Once in the House I stopped to talk to Jerry, who wanted to know all about my vacation. Jerry is the superintendent, a cheerful, sly Irishman who will talk your ear off, given half a chance, and is a stickler for rules, especially those concerning women in the rooms. But Jerry understands those who understand him, and so for a few hours of conversation a term, and a couple of bottles of rye on the Savior’s birthday, Jerry is the most amenable and considerate super in the college. Hello, Jerry.
Then up to E entry, and John’s room on the first floor. John has a sign on the door which reads:
SEEK AND YE SHALL FIND
John finds this amusing, since his chicks think he means The Truth, while he means the chicks. The door opened to reveal Sandra’s lovely form. “How’d it go?” she asked.
I was tempted to ask her the same thing, seeing as how she was decked out in one of John’s bathrobes.
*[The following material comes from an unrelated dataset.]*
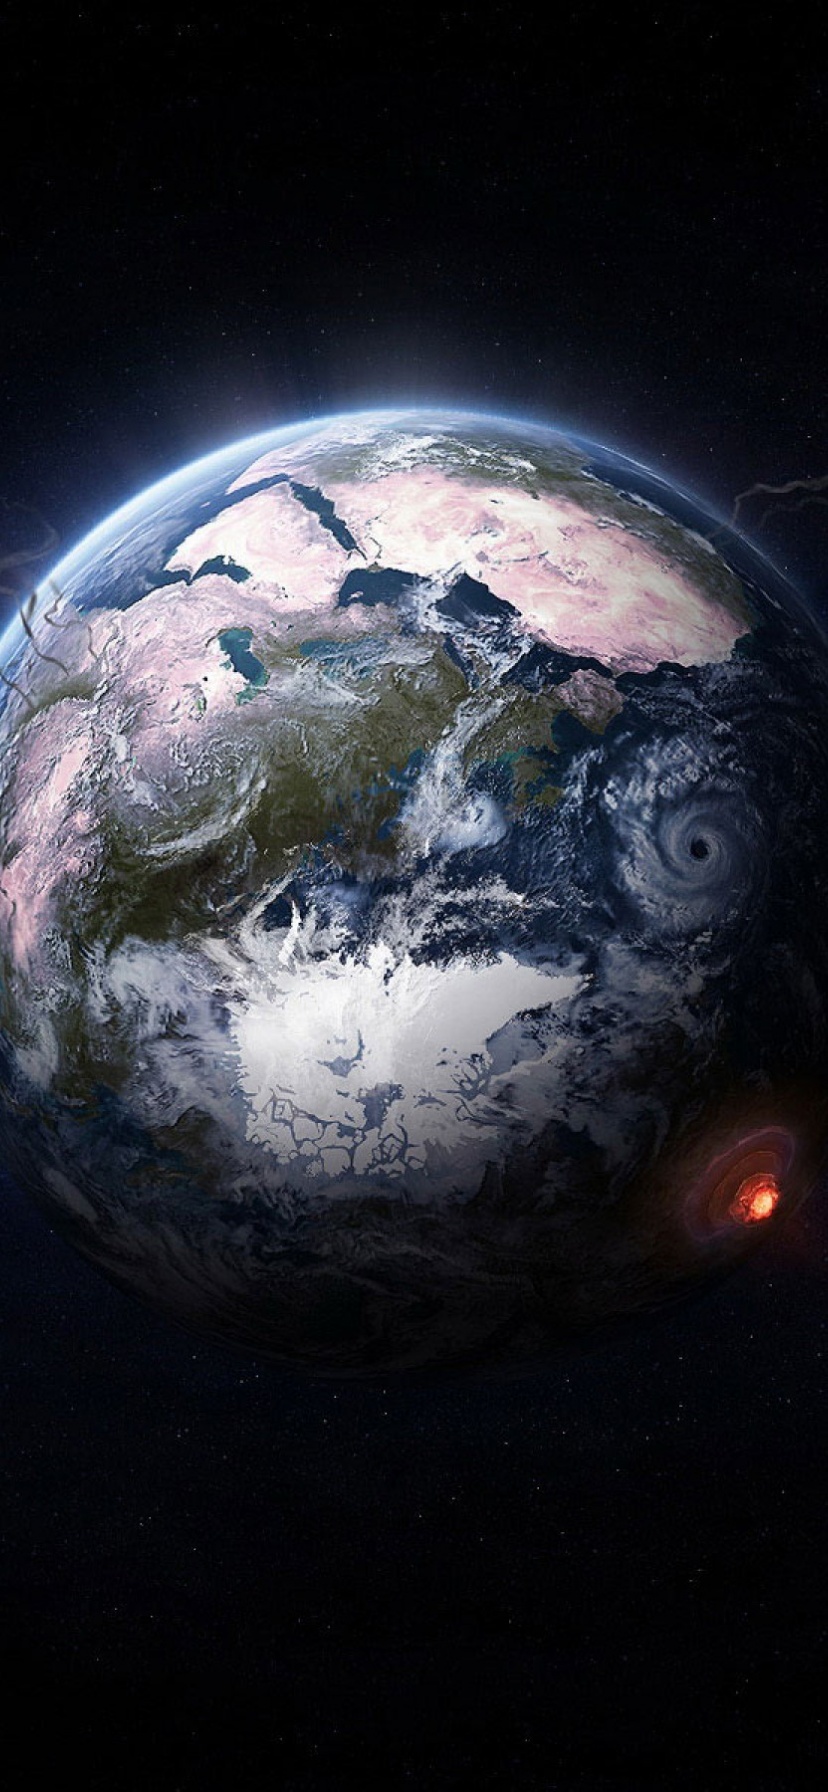 Nuclear Explosion On Earth

But all I said was “Fine,” and went in and sat down.
John called from the bedroom, “That you, Pete?”
“Yeah.”
“Just a minute.”
Sandra was looking very chic and wealthily whorish as she put a record on the turntable and sat down across from me. She crossed her legs in the extraordinary way she has of crossing her legs, languidly, with a lazy shot of the bush in the process. Nothing offered, of course, but if she knew you and liked you, she didn’t mind letting you know her snatch was all still there.
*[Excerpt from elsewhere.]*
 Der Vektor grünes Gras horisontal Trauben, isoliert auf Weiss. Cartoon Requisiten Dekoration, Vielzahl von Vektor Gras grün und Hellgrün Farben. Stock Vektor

“How’d it go?” she said again.
“Fine,” I said again.
“You look bushed.”
“I am,” I said.
Then John came out, wearing his other bathrobe. He has two Brooks foulard-print bathrobes. One is several sizes too small for him, and he tells the girls it was a present to him from his grandmother. But it’s handy for the girls. John is well-organized about that sort of thing.
“Thanks for meeting me at the airport,” I said.
“Hey,” he said, “what’s this I heard about—”
“A bust?”
John lit a cigarette. “Yeah.”
I shrugged. “It happened. I got busted.”
“And?”
“They dropped charges,” I said. “They couldn’t make it stick. It was this other guy’s dope in the car and they couldn’t make anything stick to me.”
John nodded. He didn’t seem terribly interested. He pointed to the suitcase. “You get it all?”
“Ten bricks,” I said.
“Far out,” he said. “Let’s have a look.” And as I opened the suitcase he said, in a very casual voice, “Was it Murphy who busted you?”
Typical John. The casual fuck with your head. I looked up. “Why?”
“It was Murphy who busted Ernie, you know.”
Thanks for the good news. “Yeah,” I said. “It was Murphy who busted me and I got off by agreeing to set you up. All you have to do is go down to Central Square tomorrow at ten, carrying these bricks—”
John managed a pretty realistic, hearty laugh. “You getting paranoid?”
“Me?” I said. “Paranoid? Why should I be? My deal’s firm.” John laughed again, even more convincingly. Then he cut open the brick and I could sit back and relax while he toked up.
The trouble with John is that he had an acid trip last fall and he dropped about two thousand mics with some people he didn’t know. The whole thing bent his head around the telephone pole. He never talked about the trip, but from the little he said you could tell he’d gotten very stoned and then very afraid, and decided that the only way he could handle it would be to control it. So he became a controller. Power trips with everyone, crappy little freak games and manipulations and adrenalin spurts passed out at the door, gratis. I had thought he didn’t play those games with me, but he did, of course. He played them with everyone.
Which is why John Thayer Hartnup III, of Eliot House and Cohasset, Mass., was into dealing at all. It was the only way it made sense. The son of the Right Reverend Mr. Walker Wingate Hartnup and the former Miss Ellie Winston (of South Carolina) hardly needed the bread. Even if the tobacco money went up in smoke and the Reverend’s investments died, Grandmother Wingate could be counted on to call down the First National bankers to her Plymouth home and transfer a few goodies. It was all very far from a question of bread.